Deutschland braucht weiter Zuwanderer – auch aus Nicht-EU-Staaten

Wie nach den bereits veröffentlichten Zahlen für die ersten drei Quartale zu erwarten war, verzeichnete Deutschland im vergangenen Jahr die höchsten Zuwanderungszahlen des neuen Jahrtausends, genauer gesagt seit 1995.

Dies gilt sowohl für die Zahl der Zuzüge, die mit knapp 1,1 Millionen 13 Prozent über dem Vorjahresniveau lag, als auch für den Wanderungsüberschuss, der mit 369.000 Personen sogar um knapp ein Drittel höher ausfiel als 2011. Vor dem Hintergrund des drohenden Fachkräftemangels ist dies für Deutschland eine erfreuliche Entwicklung, die auch verdeutlicht, dass die Arbeitnehmerfreizügigkeit der EU immer besser funktioniert.

Darauf, dass Deutschland in Zukunft immer mehr auf qualifizierte Zuwanderer angewiesen sein wird, hat das Berlin-Institut in seiner Studie „Nach Punkten vorn – Was Deutschland von der Zuwanderungs- und Integrationspolitik Kanadas lernen kann“ hingewiesen. Denn ohne Wanderungsüberschüsse würde selbst bei steigenden Erwerbsquoten, also wenn mehr Frauen und mehr Ältere beschäftigt wären, die Zahl an Erwerbspersonen bis 2050 von derzeit knapp 42 Millionen auf 29 Millionen Menschen zurückgehen. Eine Nettozuwanderung von jährlich 200.000 Menschen könnte diesen Rückgang etwa um die Hälfte abfedern.

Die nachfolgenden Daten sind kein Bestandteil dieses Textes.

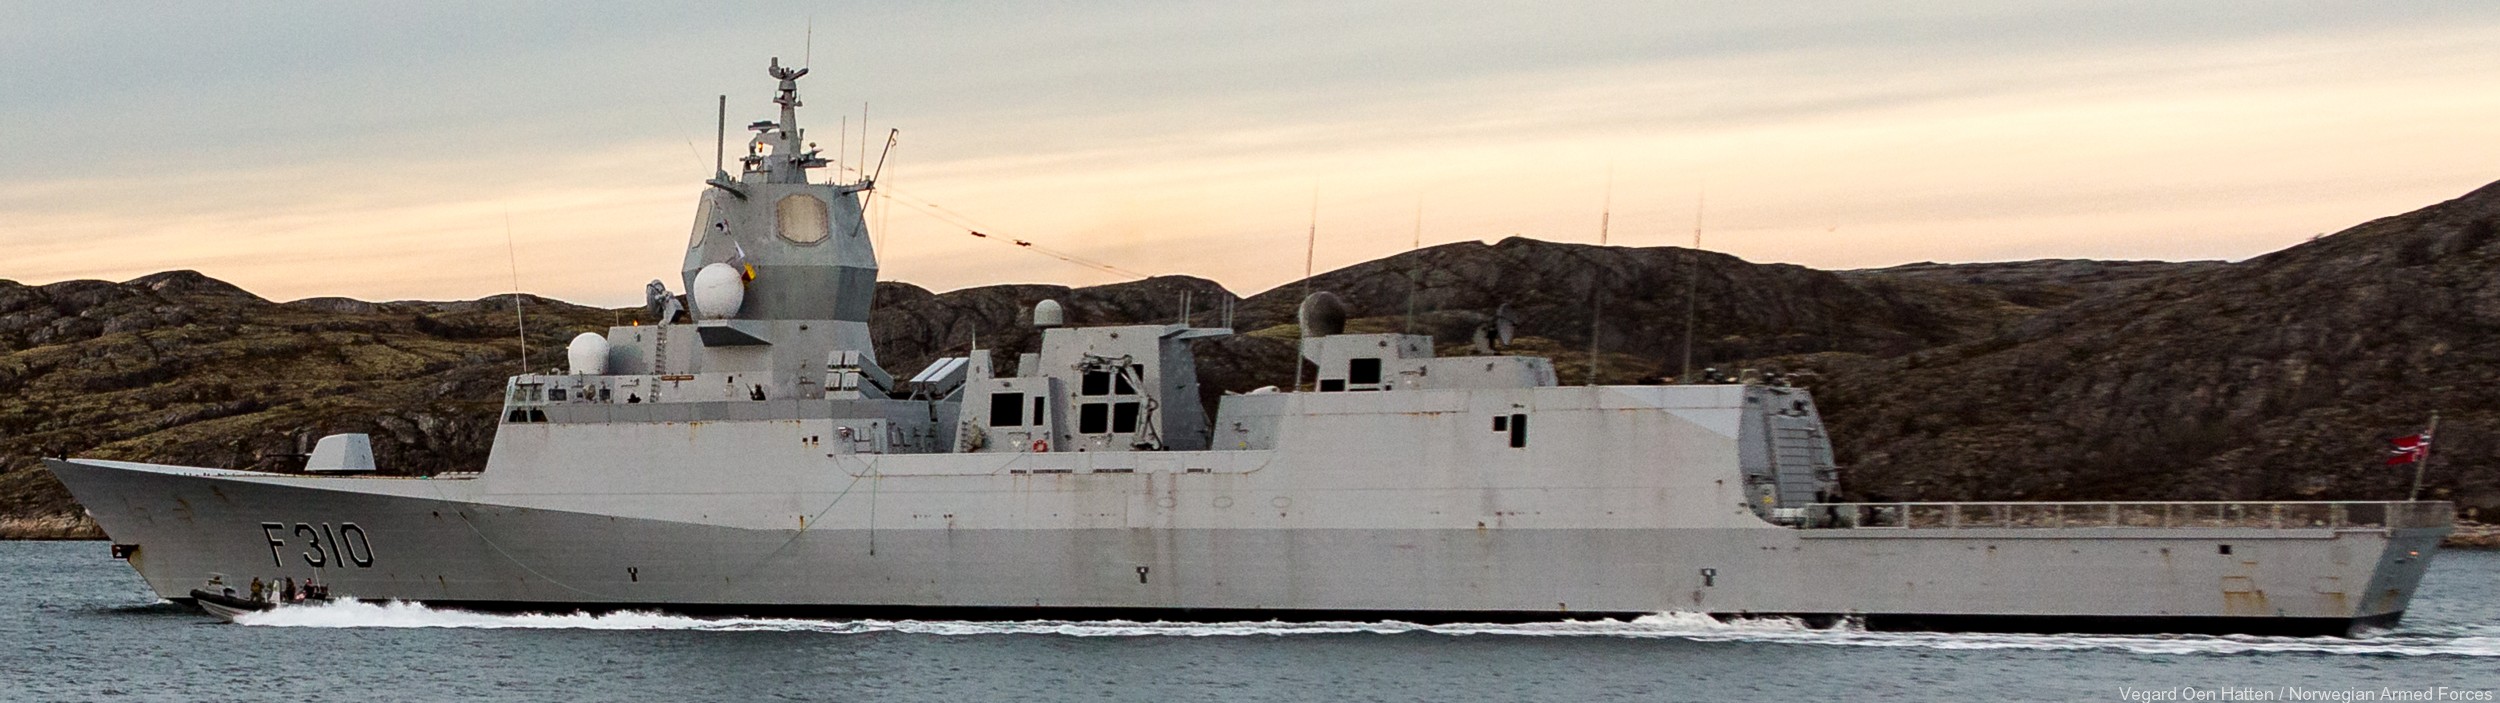 f-310 fridtjof nansen hnoms knm frigate royal norwegian navy sjoforsvaret 28

Das Berlin-Institut weist insbesondere darauf hin, dass Deutschland sich nicht langfristig darauf verlassen kann, all seine Zuwanderer aus EU-Ländern rekrutieren zu können. Zwar steigt derzeit vor allem die Zuwanderung aus der EU und macht inzwischen knapp zwei Drittel der Gesamtzuwanderung aus. Doch bleibt unklar, wie viele der Neuzuwanderer mit der Absicht gekommen sind, permanent zu bleiben. Zudem sind Wanderungsströme innerhalb der EU äußerst volatil und können sich mit sich verändernder Konjunktur schnell umkehren. All dies deutet darauf hin, dass Deutschland auch der Zuwanderung von Personen aus Nicht-EU-Ländern vermehrte Aufmerksamkeit schenken sollte. Dies ist unter anderem mit der sogenannten Blue-Card-Richtlinie bereits geschehen. Trotzdem lohnt sich auch weiterhin ein Blick über den nationalen Tellerrand. Kanada verzeichnet große Erfolge beim Anwerben Hochqualifizierter anhand eines Punktesystems, das Zuwanderer vorwiegend nach deren Fähigkeiten und Kenntnissen auswählt, etwa dem Bildungsstand oder den Sprachfähigkeiten.

Die Autoren der Studie kommen nicht nur zu dem Schluss, dass Kanada bei der rechtlichen Ausgestaltung von Zuwanderungskriterien als Vorbild dienen kann, sondern auch bei der Integration der Neuankömmlinge. Dieser Aspekt ist auch für die innereuropäische Zuwanderung relevant. Denn während Integration in Deutschland immer noch vorwiegend als nachholender Prozess im Sinne der Bildungschancen von Zuwandererkindern verstanden wird, kümmert sich Kanada aktiv um jeden Neuankömmling – immer mit dem Ziel, ihn oder sie so schnell wie möglich in den Arbeitsmarkt zu integrieren und mittelfristig zu kanadischen Staatsbürgern zu machen. Als besonders erfolgversprechend haben sich dabei sogenannte Bridging Programs erwiesen, die Zuwanderern helfen, Qualifikationen zu erlangen, die ihnen zu einem erfolgversprechenden Berufseinstieg fehlen. Gerade bei der Verzahnung von Theorie und Praxis – in Kanada etwa über Mentoren- und Praktikumsprogramme gelöst – identifizieren die Autoren Nachholbedarf in Deutschland. Ebenso stellt das Berlin-Institut in Frage, inwiefern das in den Integrationskursen erreichte Sprachniveau für berufliche Zwecke geeignet ist und deckt Schwachstellen in der Koordination der verschiedenen Akteure auf.